For the entries below, copy exactly the line that contains "Grimm Dragon Concept Art" through the line that contains "FreelanceDesk Features", both ends included, and exclude all pictures.

● Information supplied:

▼

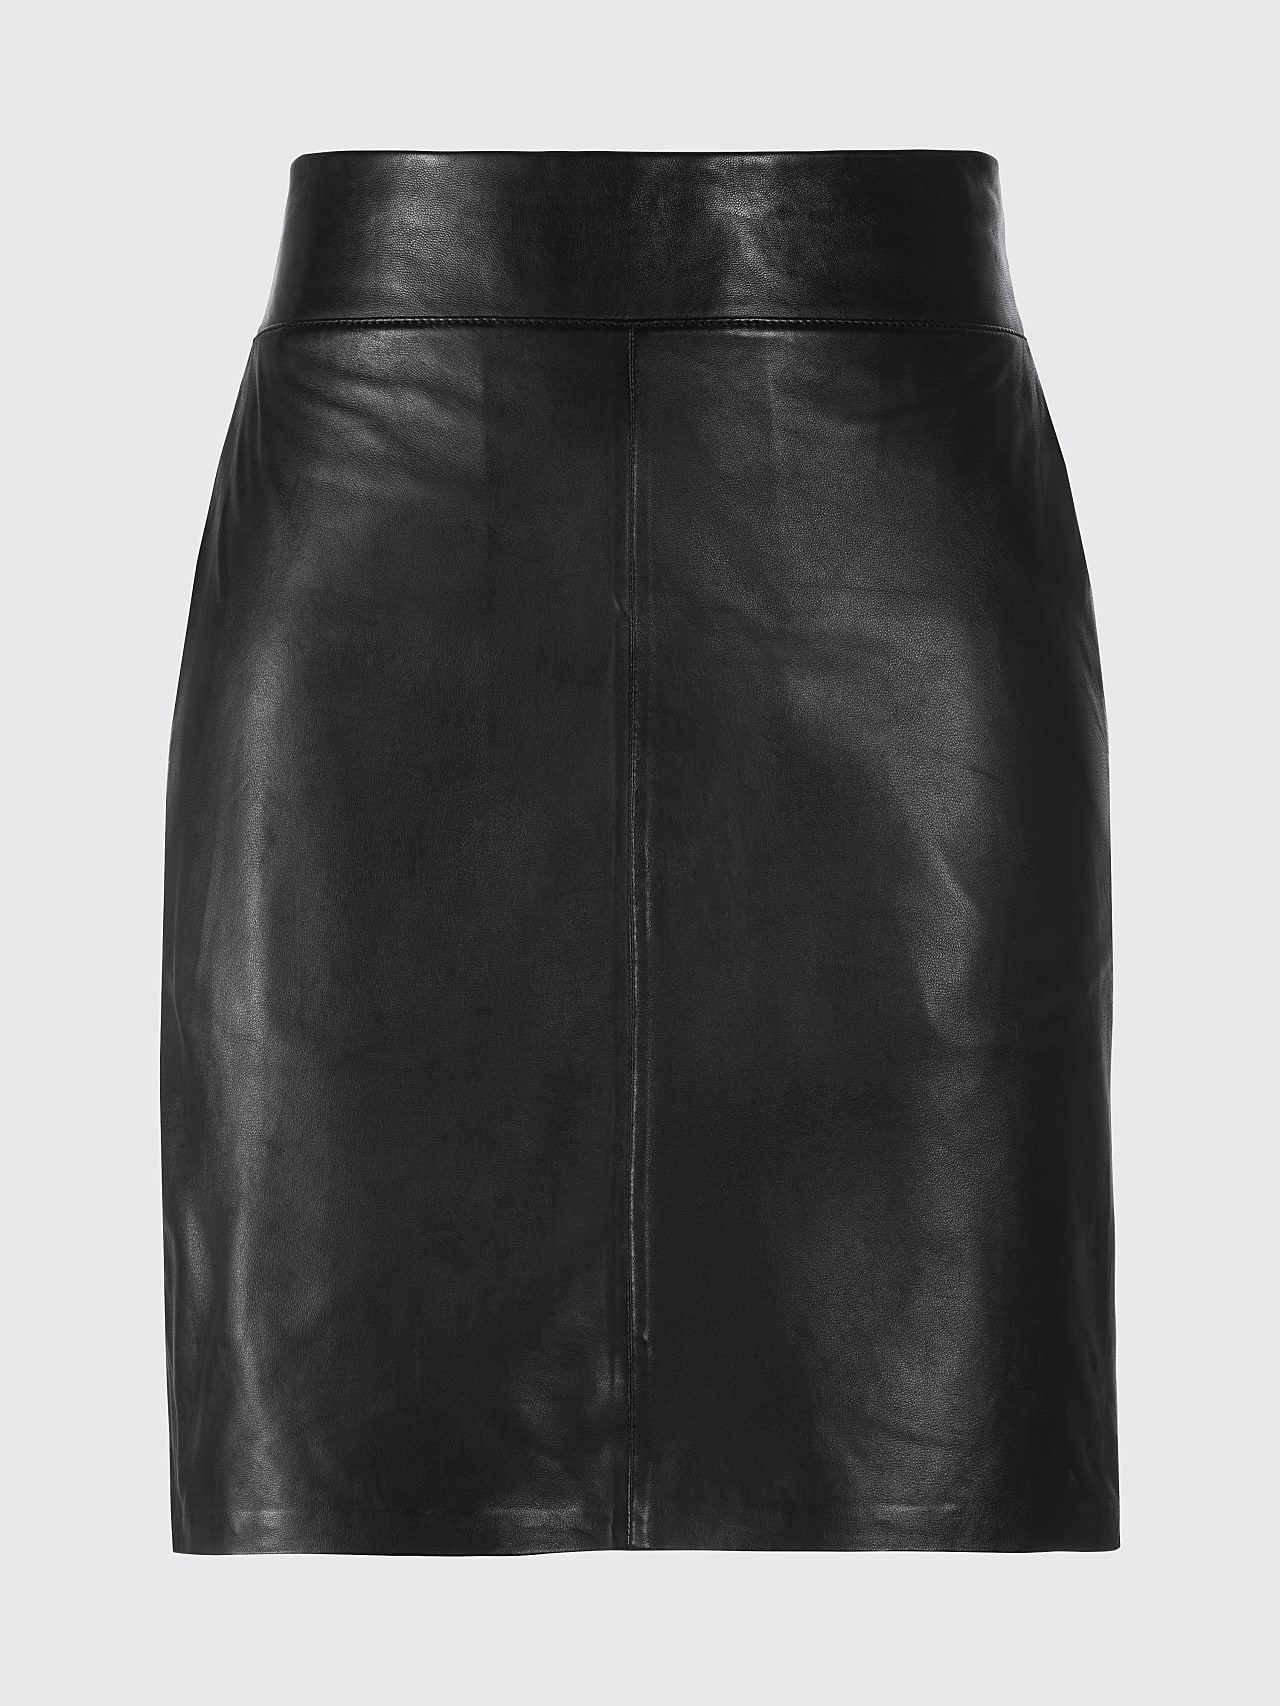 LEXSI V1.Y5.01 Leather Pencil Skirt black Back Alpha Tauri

▲
▼

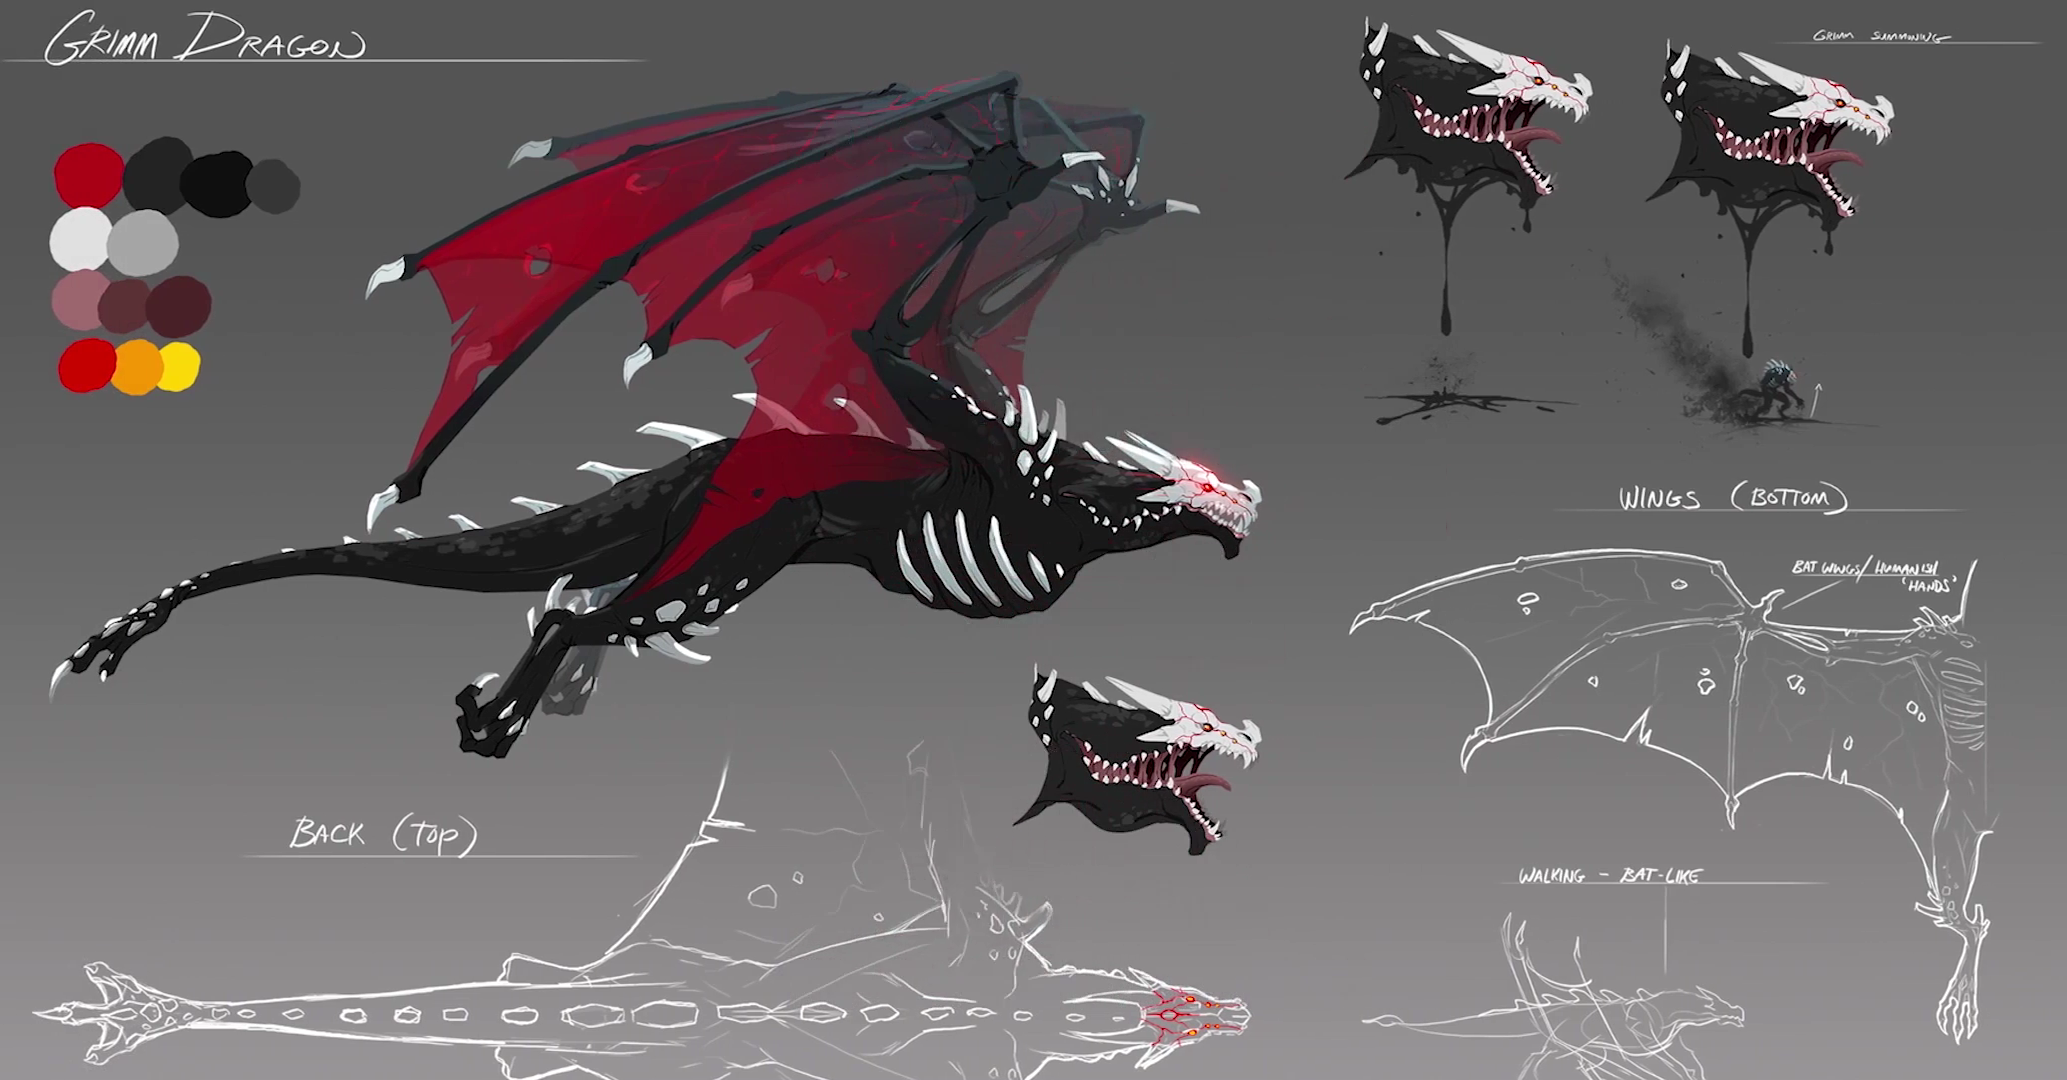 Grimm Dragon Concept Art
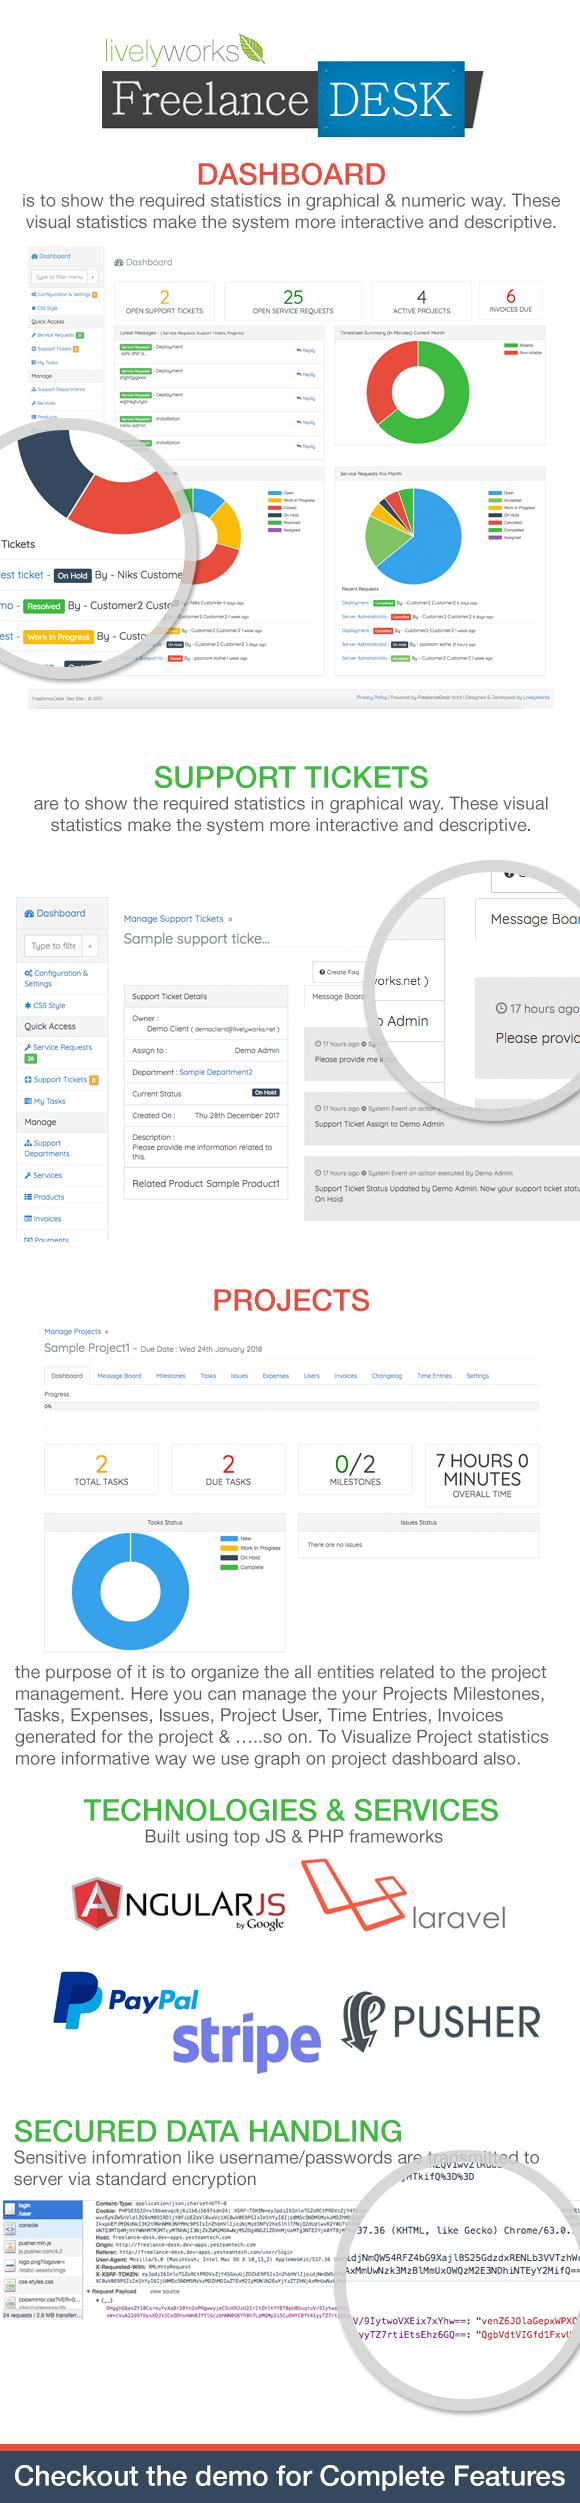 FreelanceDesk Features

▲

● Answer space:
 Grimm Dragon Concept Art
 FreelanceDesk Features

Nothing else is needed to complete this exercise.